What to do: A word-for-word copy of the data, with no images, is the required answer.
*** Supplied material ***
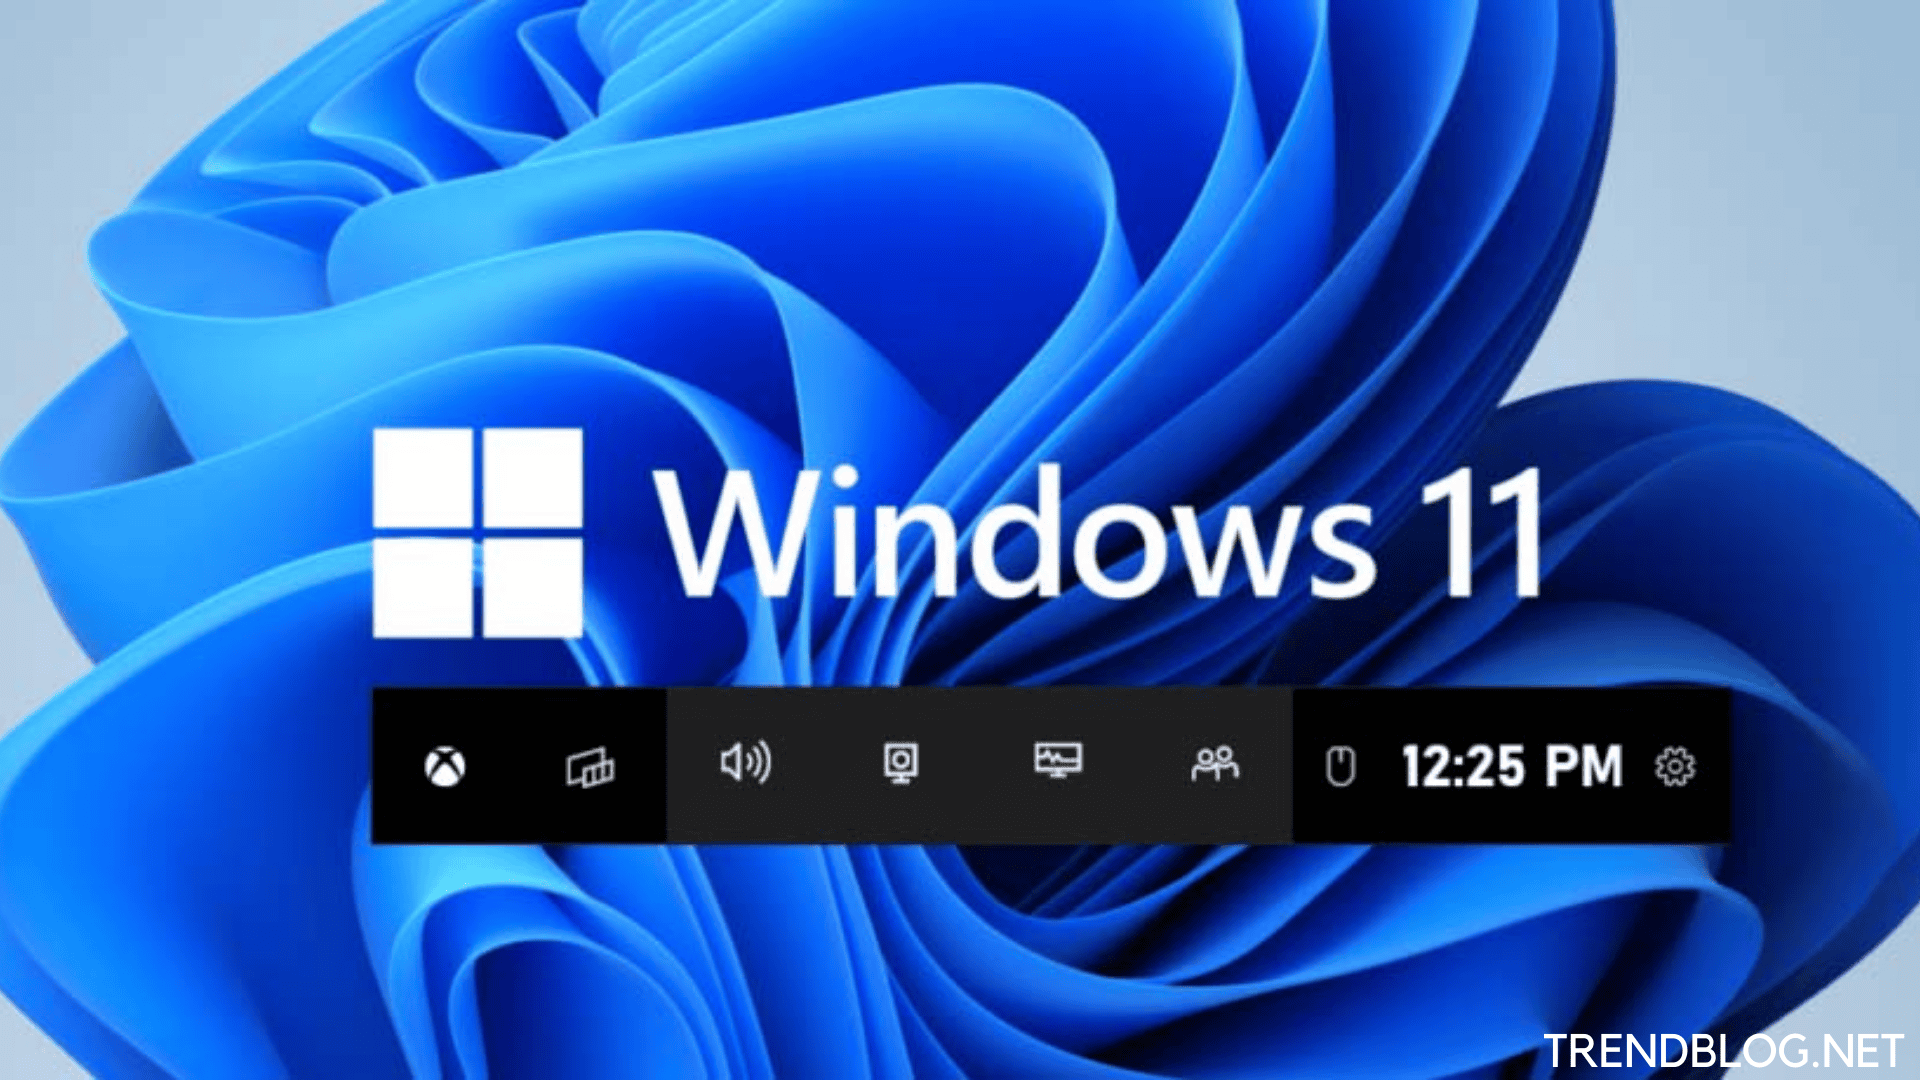  How to Screen Recorder on Windows 11 Using 5 Unique Ways
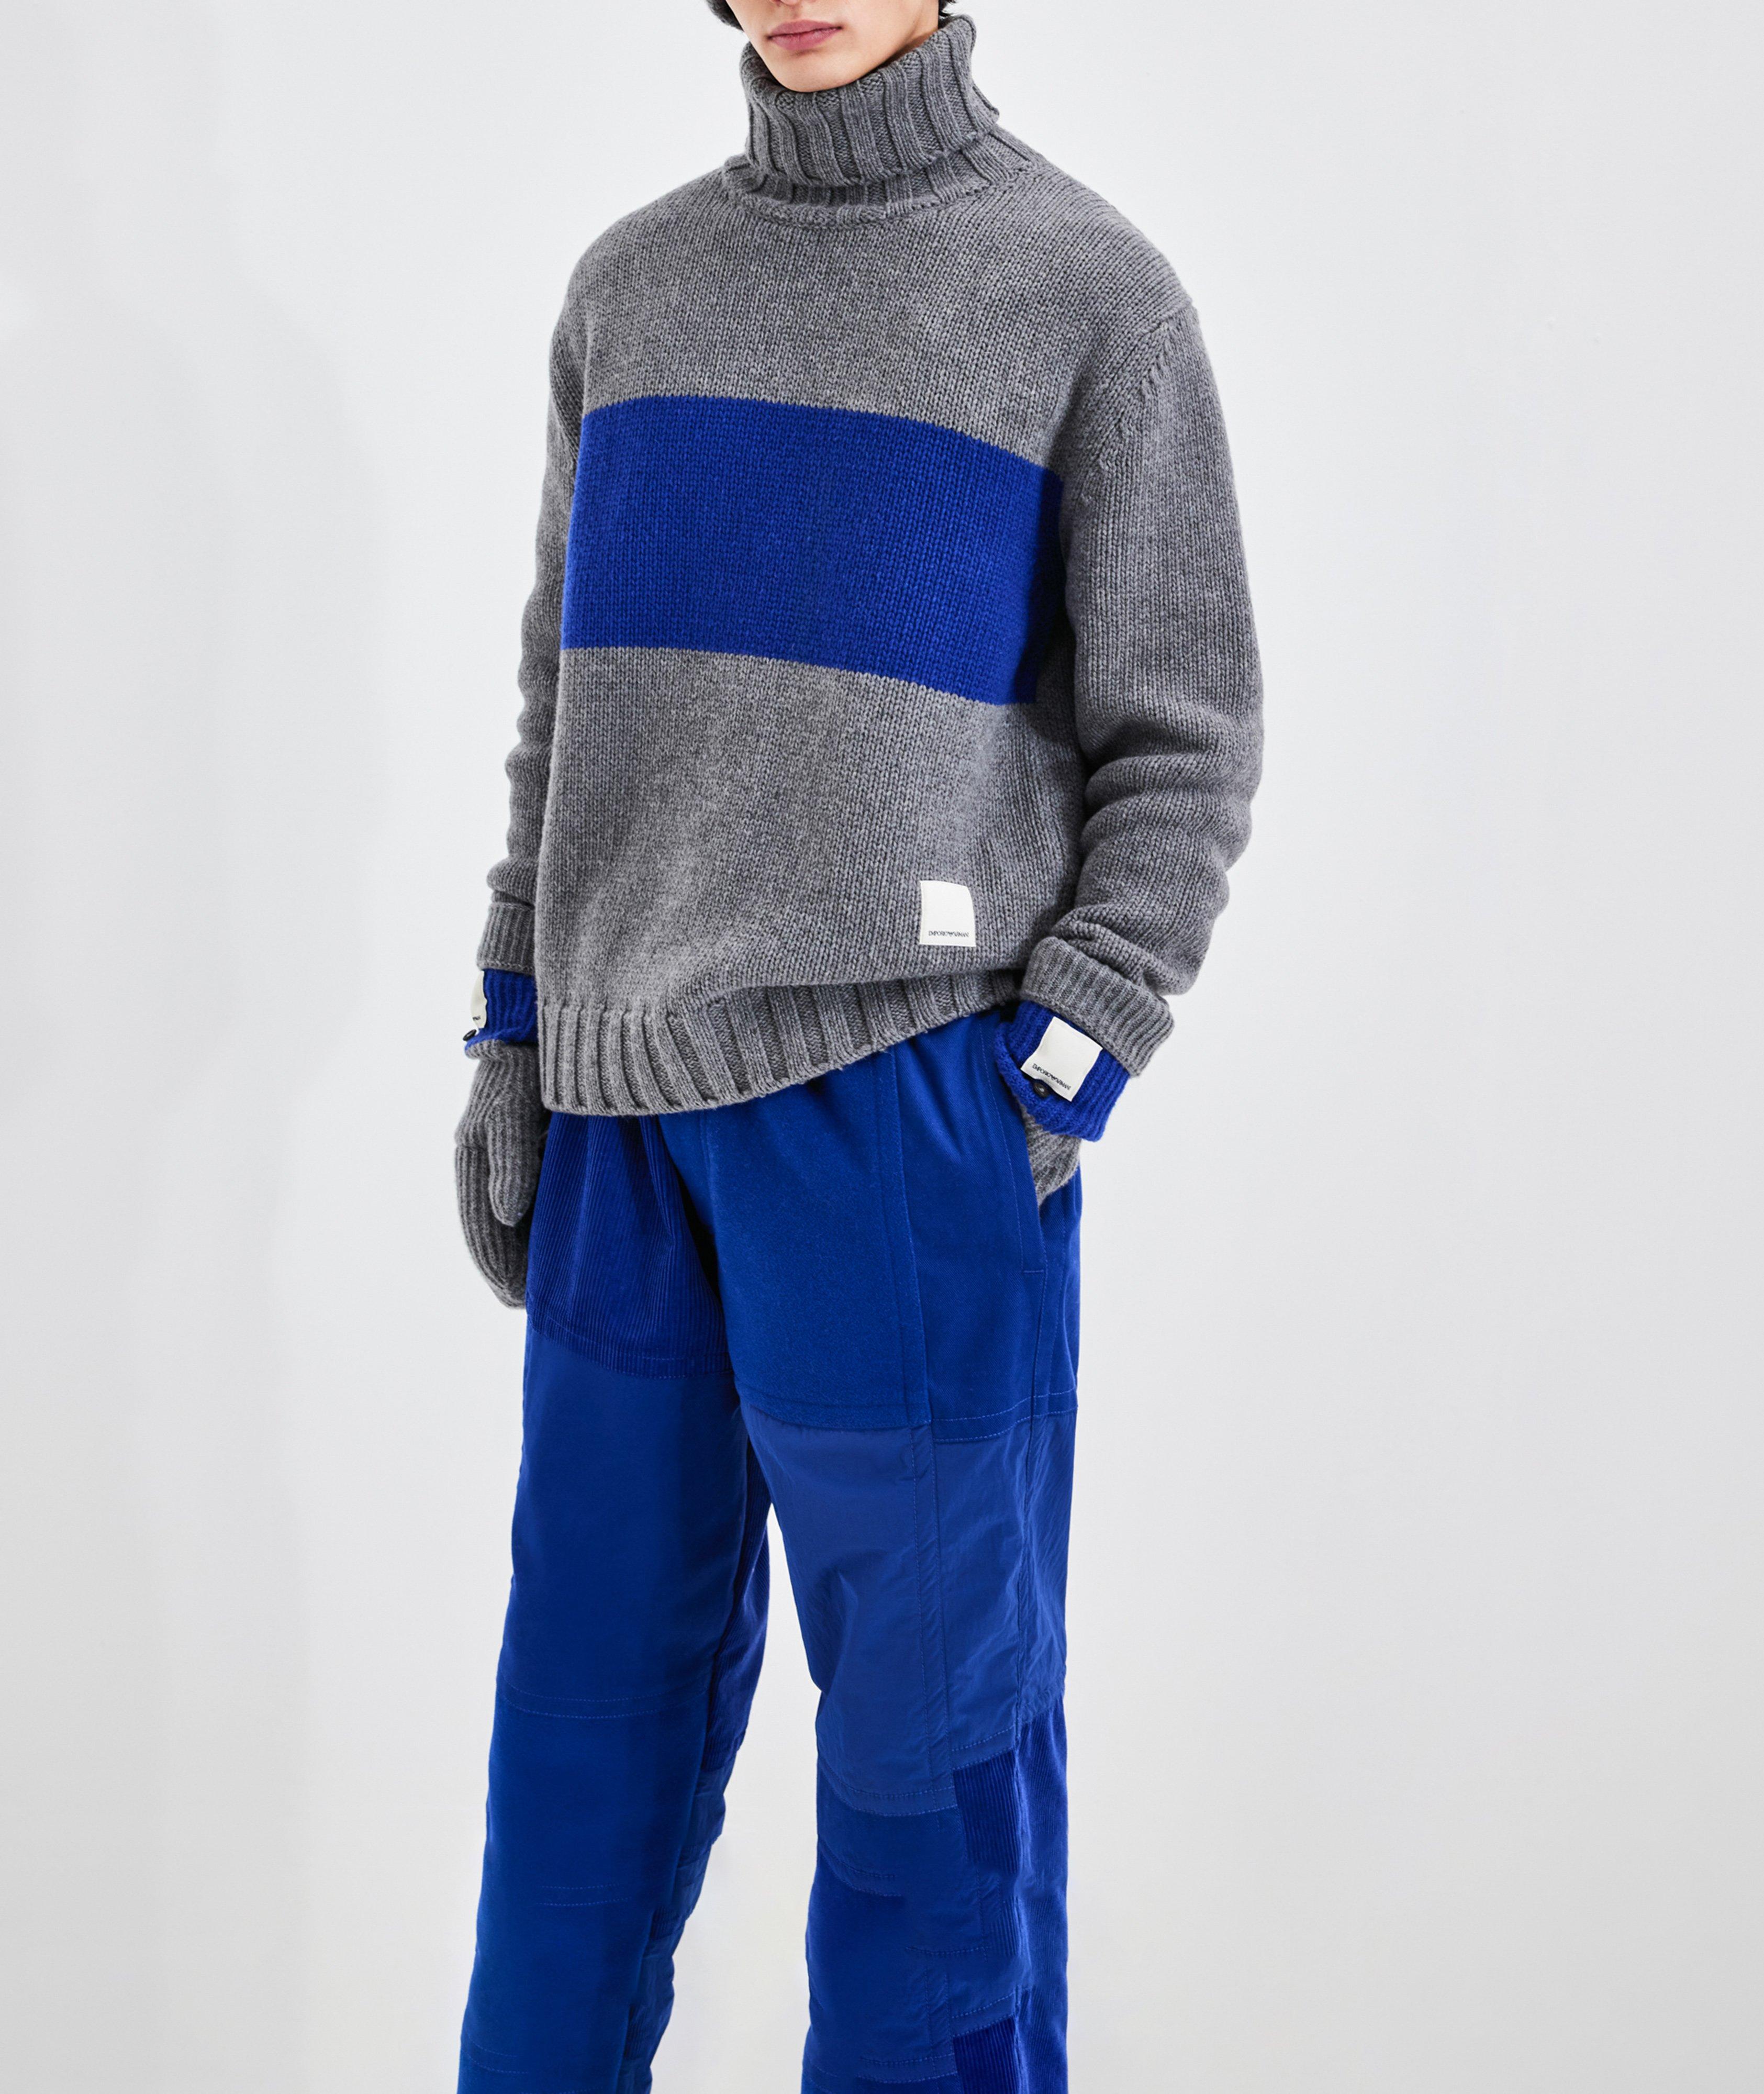 EArctic Sustainable Collection Striped Wool-Blend Knit Turtleneck image 1
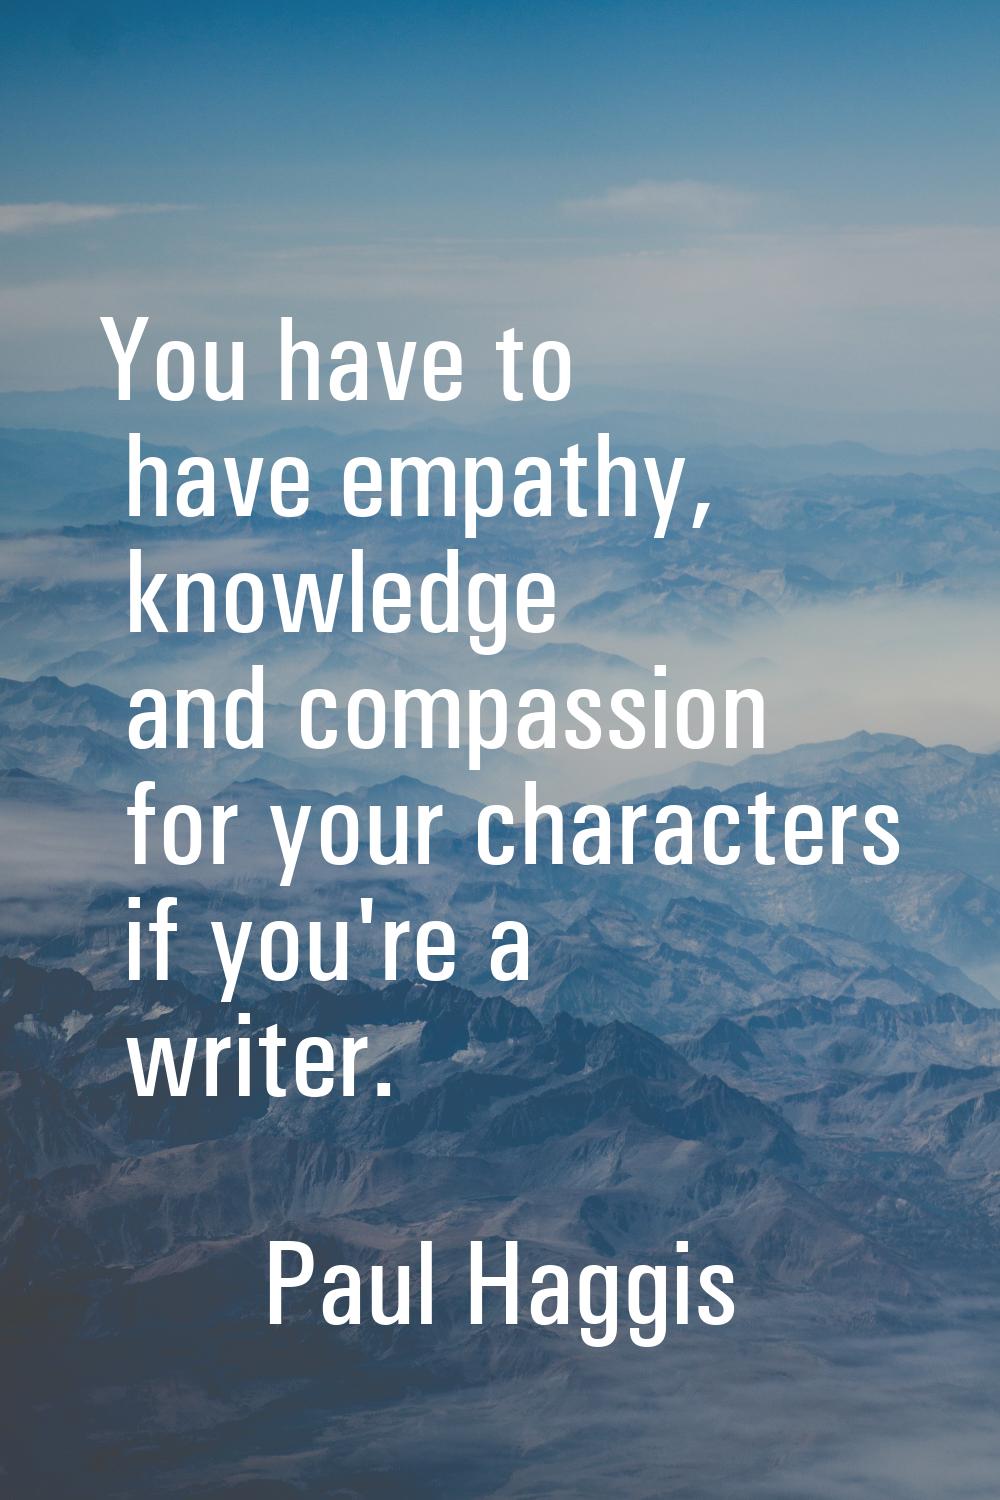 You have to have empathy, knowledge and compassion for your characters if you're a writer.
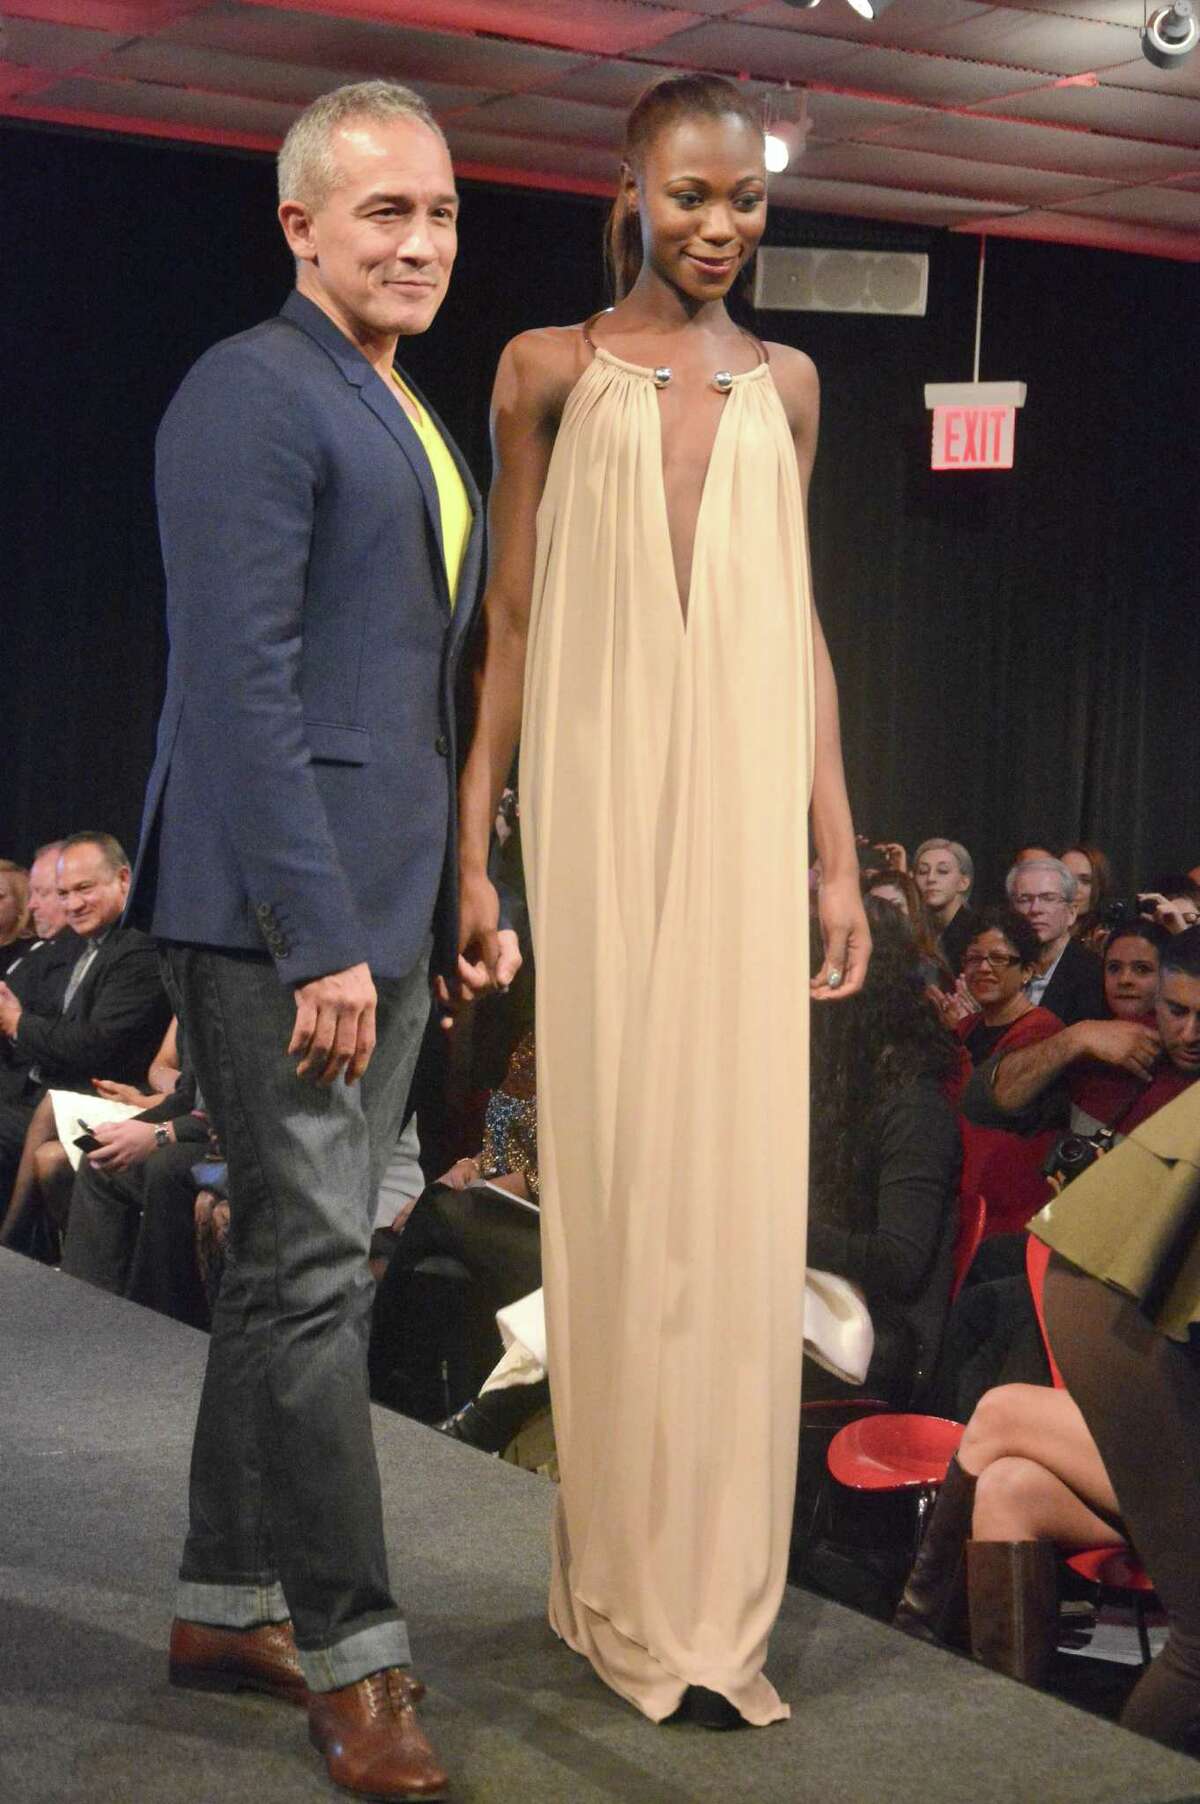 Houston-born designer and New York Fashion Week regular Cesar Galindo, third from left, strikes a pose with models after showing his fall/winter 2015 collection in New York. On July 30, 2015, Galindo will present a free fashion show at San Antonio’s St. Anthony Hotel highlighting that collection.
***
Your response:
  How to Screen Recorder on Windows 11 Using 5 Unique Ways
 EArctic Sustainable Collection Striped Wool-Blend Knit Turtleneck image 1
 You have to have empathy, knowledge and compassion for your characters if you're a writer.
 Houston-born designer and New York Fashion Week regular Cesar Galindo, third from left, strikes a pose with models after showing his fall/winter 2015 collection in New York. On July 30, 2015, Galindo will present a free fashion show at San Antonio’s St. Anthony Hotel highlighting that collection.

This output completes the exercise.